I’m an artist. But an artist is a small thing. I draw, I sing, I dance. I write. No one really cares that I do, because no one cares for small things. But if they put the big things under a magnifying glass… Behold! All they will see are small things that make up the big things.

I’m a human. There’s nothing smaller than that. I can’t transform the whole world at my desk, I can’t feed all the hungry, as much as I would like. I can’t clothed the poor, but at least I can give them words of hope (words that I whisper to encourage me as well). But a whisper is a small thing. I’m a man of small things, but all the world is made of small things.

The world is a small thing. A tiny dot in a galaxy, in a universe, in a long long stretch of time. But time is a small thing. It’s one small thing. We each hold it in front of us, at this very moment.

Writing isn’t practical. It’s always impractical. But who ever made big waves without doing small, impractical things? Rosa Parks should have stood up, that was practical. But instead she sat, a move that was impractical. But that was a small thing. But that’s what big movements are made out of, small things. That’s how individuals begin to step inside the skin of the person they were meant to be–they do what’s impractical, which breaks them away and above the rest, until they become their own, small thing.

A  blink. A heartbeat. A sigh.

Like the movie said:

Life ain’t short. It’s long.” -Magnolia (1999)

It’s long because of all the small things. The slow pace. The patience, the focus, the drive that goes beyond anything practical or even reasonable. Slow-moving, little-by-little, second-by-second. Letter dropped next to letter, line on top of line, dot-to-dot-to-dot… and so on.

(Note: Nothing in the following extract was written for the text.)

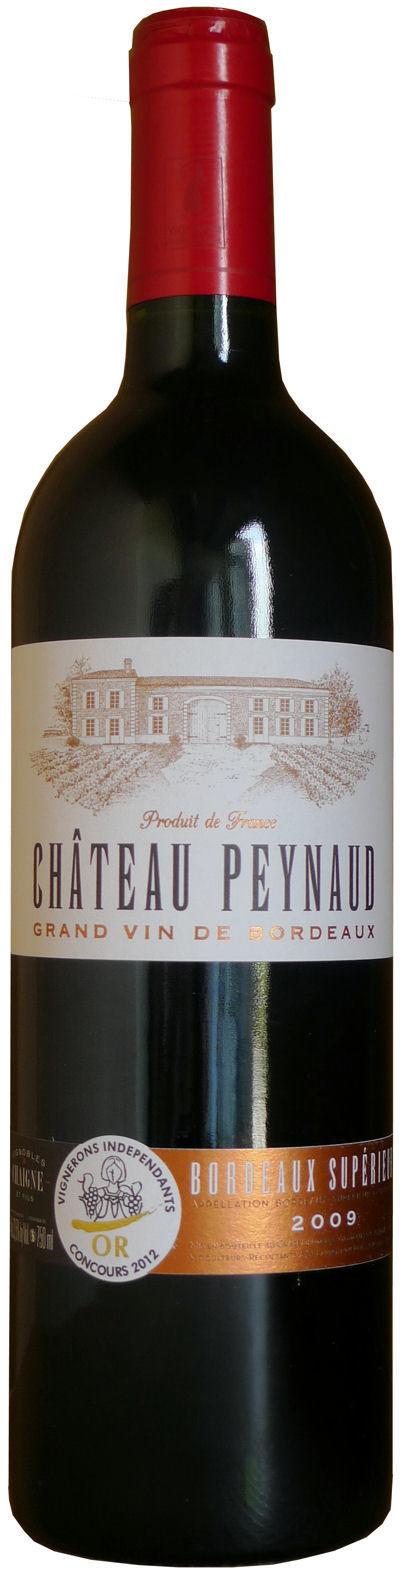 Château Peynaud sera commercialisé cet automne en Ontario | Nombrilisme | Scoop.it

To live by practicality is an oxymoron for any writer or artist. Being “practical” is not an option for us.  Never was and never will be. Our very livelihood (in fact our very existence) is, by definition of the world around us, impractical. We’re roaches that need to be squashed. We’re far too weird, far too playful, far too imaginative, far too thoughtful, far too considerate, far too smart for life. We don’t play by the rules, we live outside the box. Therefore, we must be smashed.  We’re crazy, because we honor the small things, and shake our heads at what people see as the more important, “big things.” We tug their hand, ask them to sit with the small things. But they never listen, they don’t want to, nobody wants to. Because the small things are, well, they’re too small. That’s the downside of small things: they’re hard for most people to see.

I’m learning as I write my novel that you cannot be a writer unless you love the small things. Unless you cherish them. Unless you can live with them. Unless you can befriend them. Unless you truly, truly, respect and admire how these small little things are, letter by letter, building something big. You come to deeply respect other writers and artists who accomplished big feats, because you realize that it is a lie that any of them did anything big. All they really did was millions of small things. You come to honor any other human being that ever had a big influence on society–the amount of small things that they had to endure to get to the place they ended up… I can’t hardly imagine!

So, in this very second, with me, I invite you to honor the small things in your life. Don’t look at these things as a nuisance. They are not. Small things are what big lives are made out of.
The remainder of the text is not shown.